There are two primary ways that AI systems consume documentation today:

Model training: Companies like Anthropic, OpenAI, and Google crawl the web (including your docs) and use that content as training data for their large language models. This is the bulk ingestion pipeline. Your docs go in, and months later, the model "knows" things that were in your docs. I've started using "LLM" as shorthand for this consumer when talking to stakeholders, because it's probably a term they're already familiar with and they probably already have some idea that this is an extant process.
Agent workflows: A developer is using a coding agent like Claude Code, Cursor, or GitHub Copilot. The agent needs to check an API signature or verify some syntax right now, so it fetches your docs page in real time, reads it, and uses the information to help the developer with their task.

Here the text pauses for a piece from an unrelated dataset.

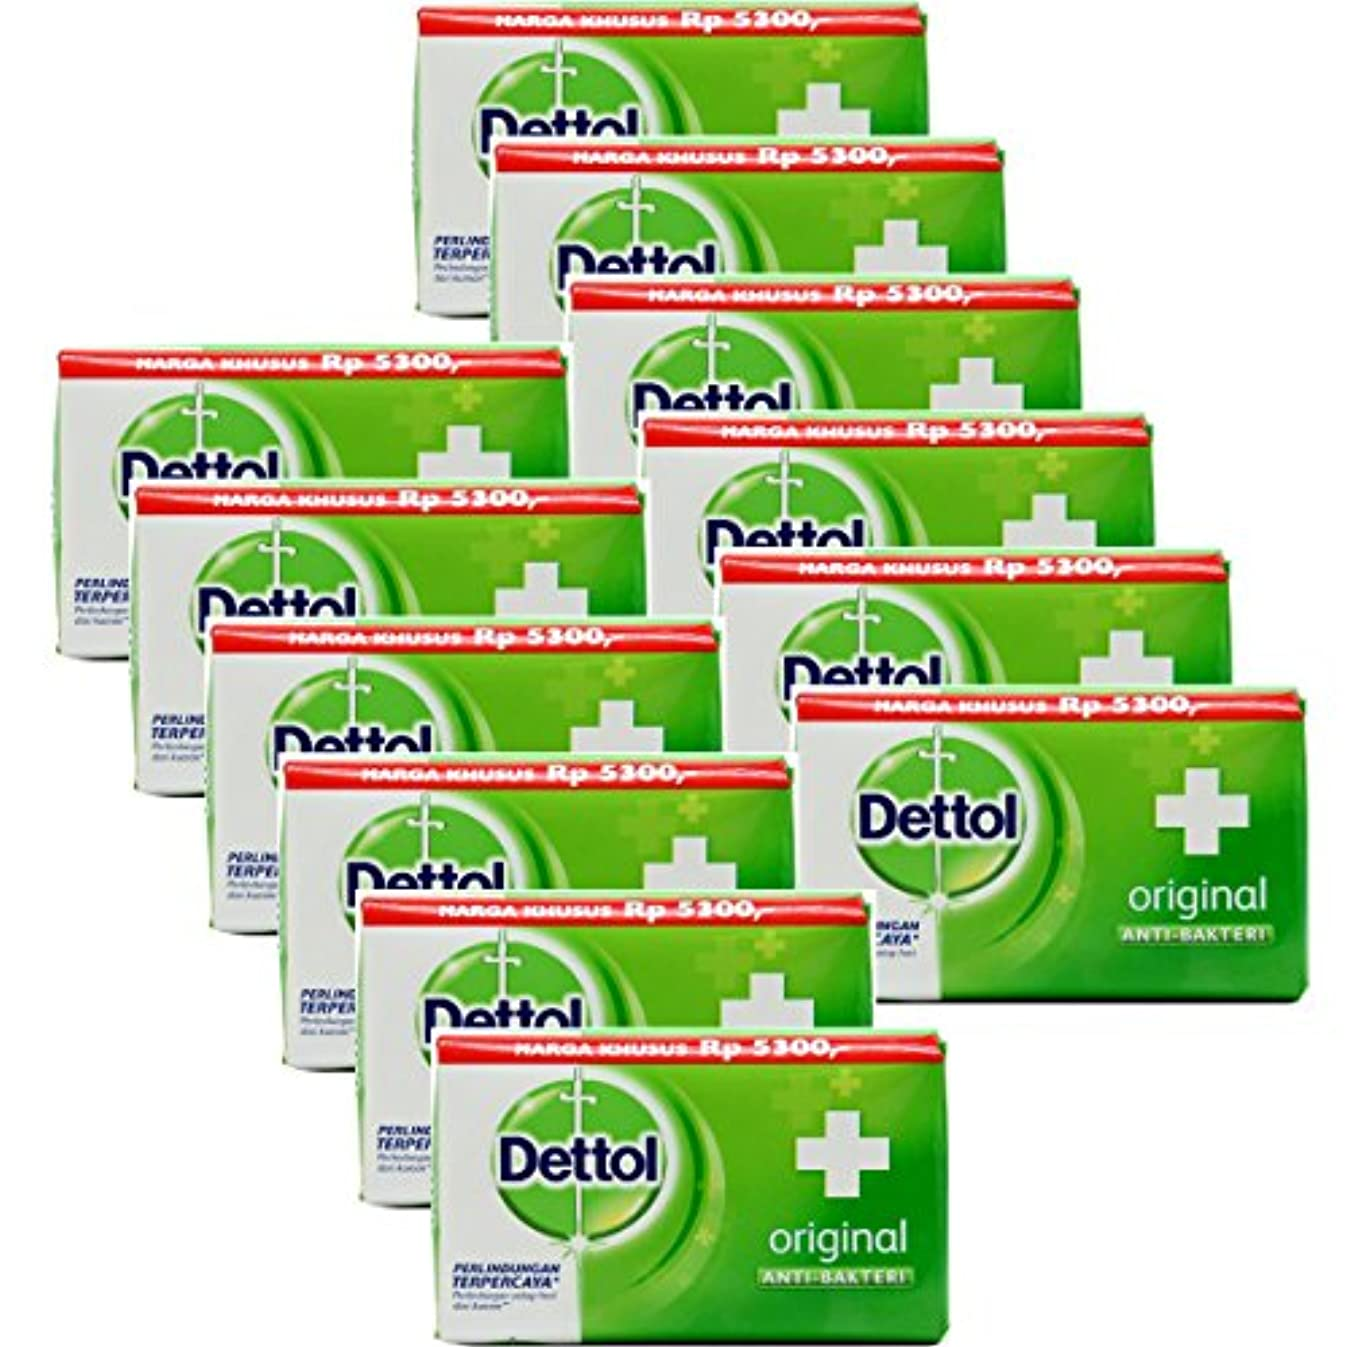 コンベンション問題ロードブロッキングDettol(デトール) Anti-Bacterial Hand and Body Bar Soap, Original, 110 Gr / 3.88 Oz (12個セット)

These two consumers require docs to support their distinct consumption patterns. They have different constraints, different failure modes, and different implications for how you structure your content. But they get lumped together under the same "AI-friendly" umbrella, and that's where the confusion starts.

Model Training: The Bulk Pipeline

When a model provider crawls your docs for training, here's roughly what happens. A crawler visits your site, pulls down your pages, and feeds that content into a training pipeline along with billions of other pages from across the internet. The model learns patterns from all of that data. Months later, when someone asks the model about your product, it can answer based on what it absorbed during training.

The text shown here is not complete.